Рассказывала, конечно, я. Такие посиделки случались почти каждый вечер, а когда выпадала вечерняя роса и солнце заваливалось за горизонт, нас загоняли обратно, в темные коридоры и спальни, где нас ждал скучный ужин, сон и тоска по дому.
Места у нас были глухие, заповедные.

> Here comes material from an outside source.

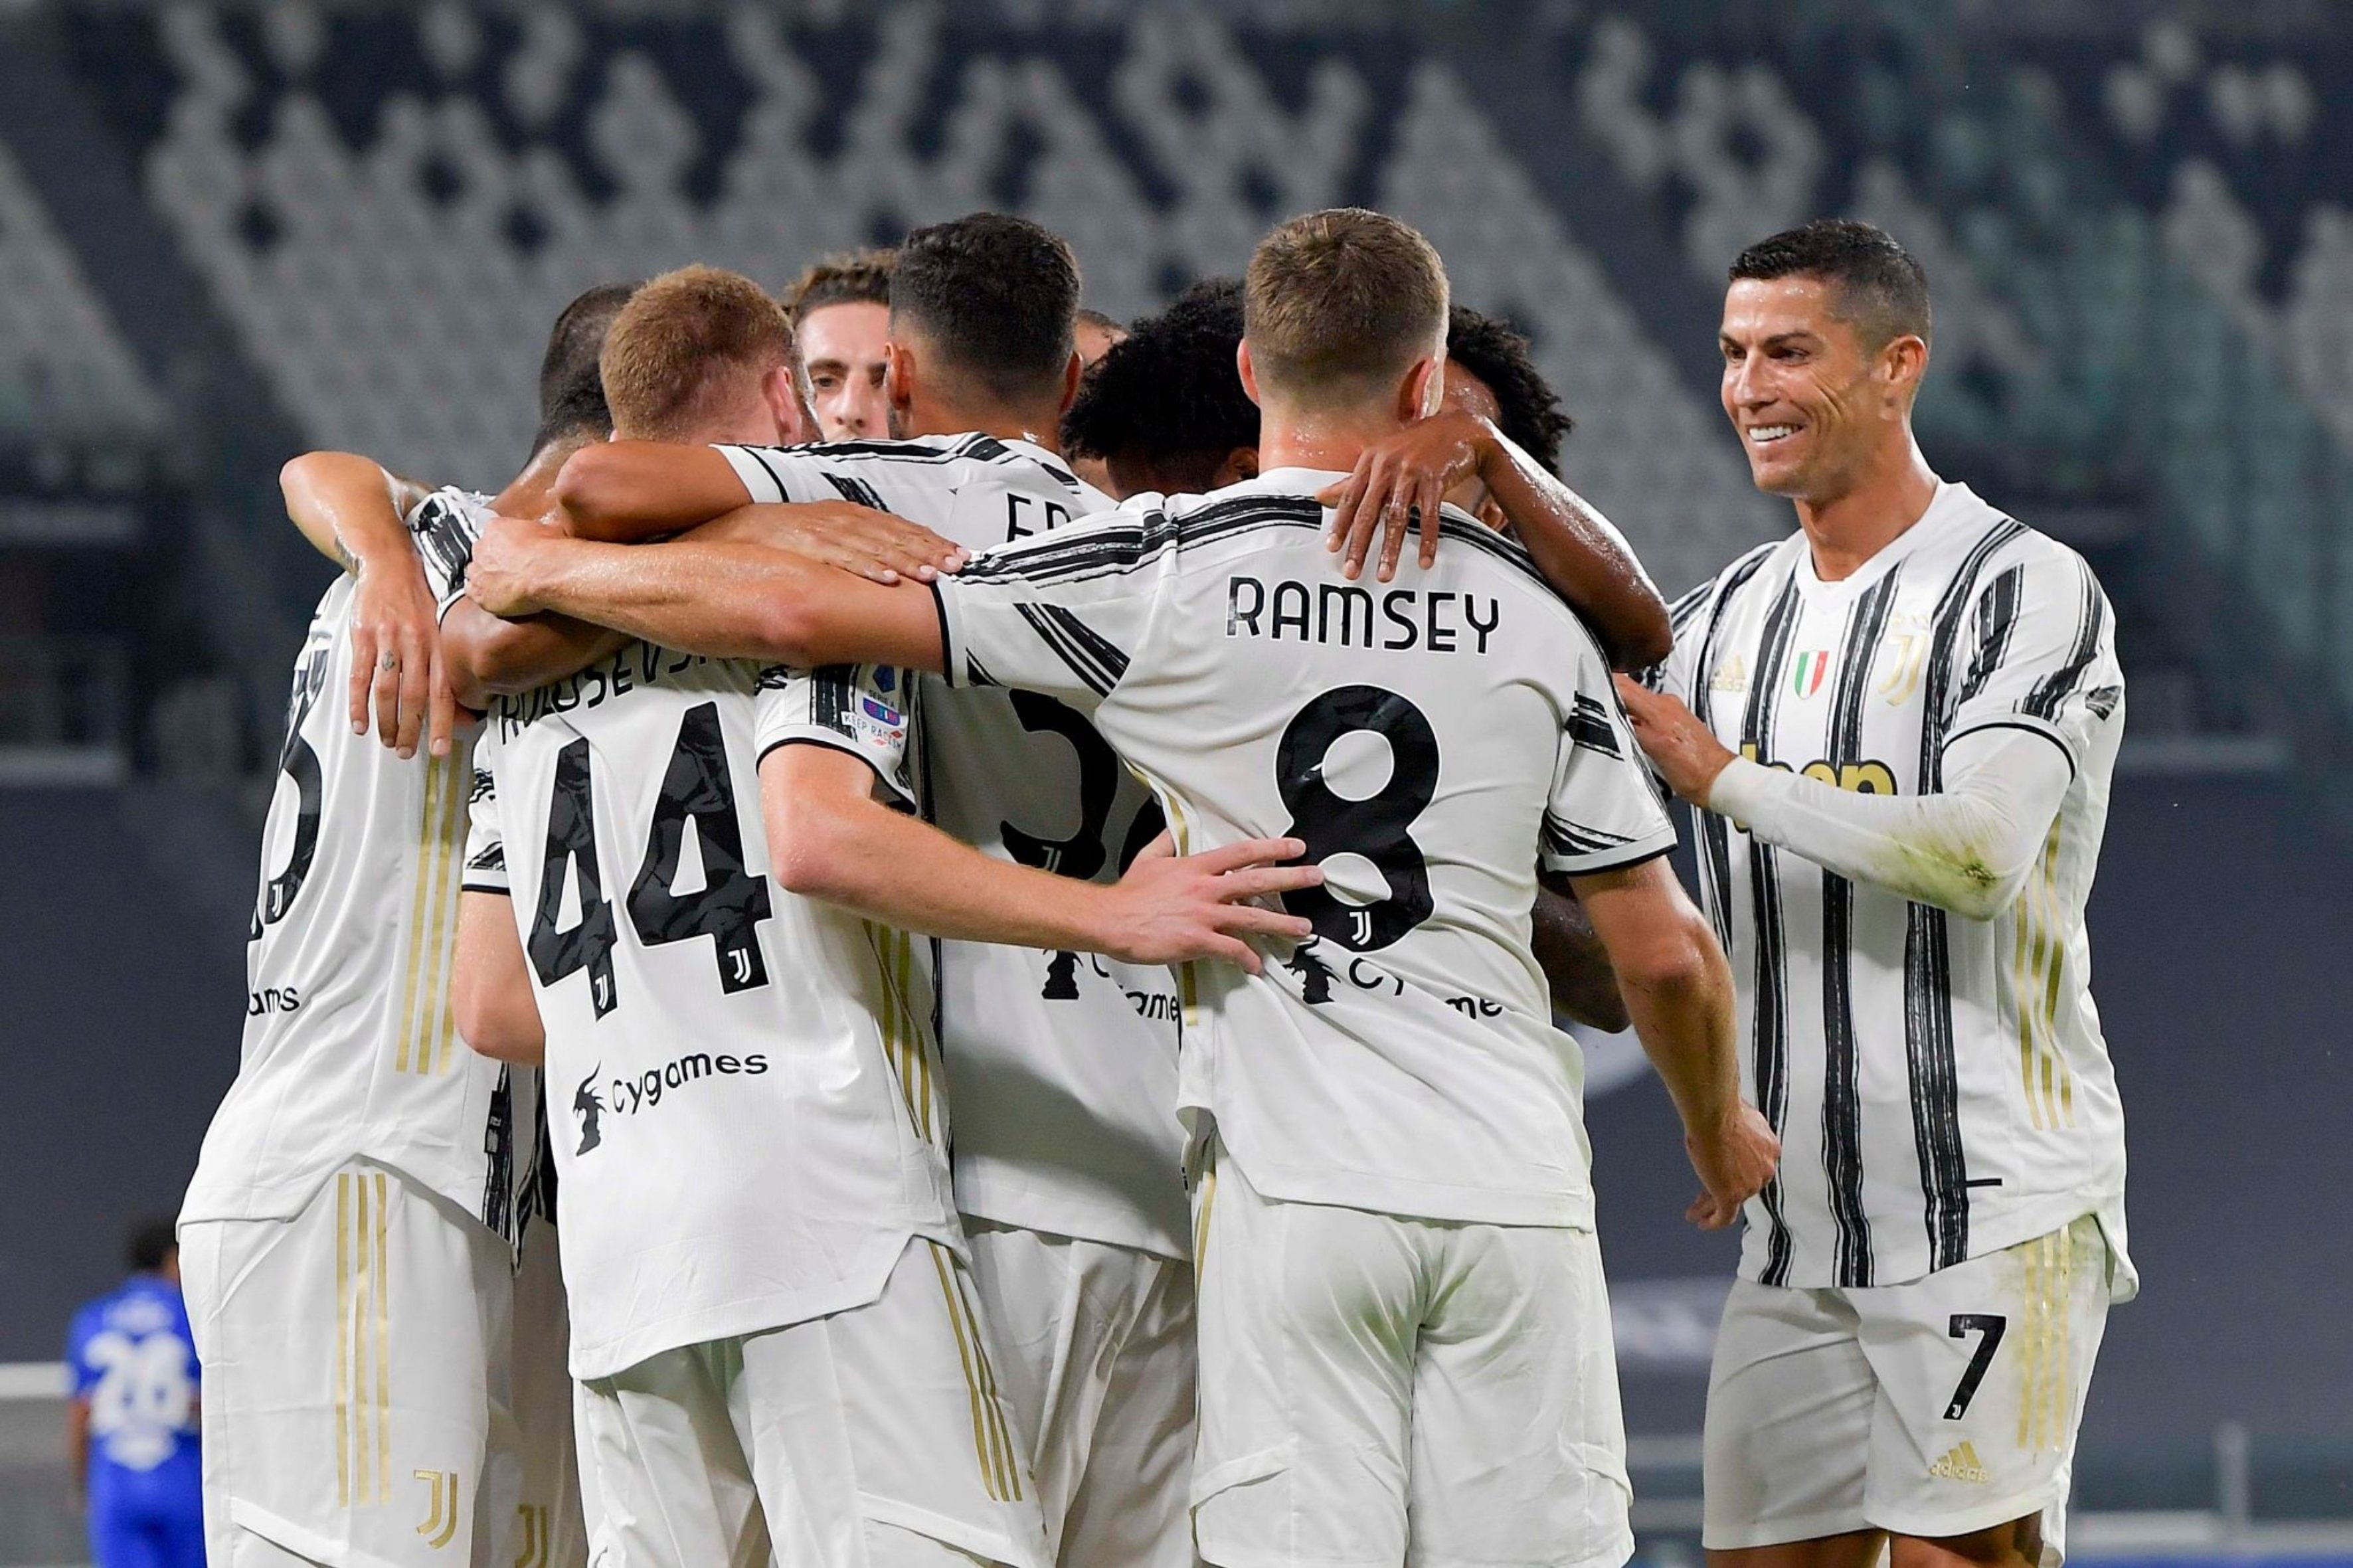 یوونتوس - سری آ - Serie A - Juventus - گلزنی مقابل سمپدوریا - اولین گل برای یوونتوس

Леса вокруг такие, что некоторые деревья и втроем не обнимешь.
И вот однажды мы с девчонками придумали, что страшные истории лучше всего слушать не на поляне, а в лесу, и было решено отправиться на разведку, чтобы найти укромное место, да к тому же старшие ребята рассказали, что неподалеку есть ручей, а если его перейти, пещера. При слове «пещера» раздался восторженный вздох, и мы стали собирать отряд добровольцев.
Выпало идти мне и Таньке Сорокиной, у Таньки было прозвище «Оторви и брось» – так ее мама называла, вот и прилепилось. Танька была старше меня года на два, высокая, голенастая, голова в коротких и мелких кудряшках, на курносом носу россыпь веснушек, а еще – она ничего не боялась.
– Пошли, – махнула она мне, – со мной не боись, не заблудимся.
Я поглядела в сторону леса, и мне отчего-то сразу вспомнились те страшные истории, которые я придумывала и рассказывала каждый вечер.
– Пошли, – бодро сказала я и вытерла вспотевшие от страха ладони о юбку.
Танька достала из кармана красную бечевку.
– Гляди, что я у воспиталок стащила. Будем метки на деревья привязывать.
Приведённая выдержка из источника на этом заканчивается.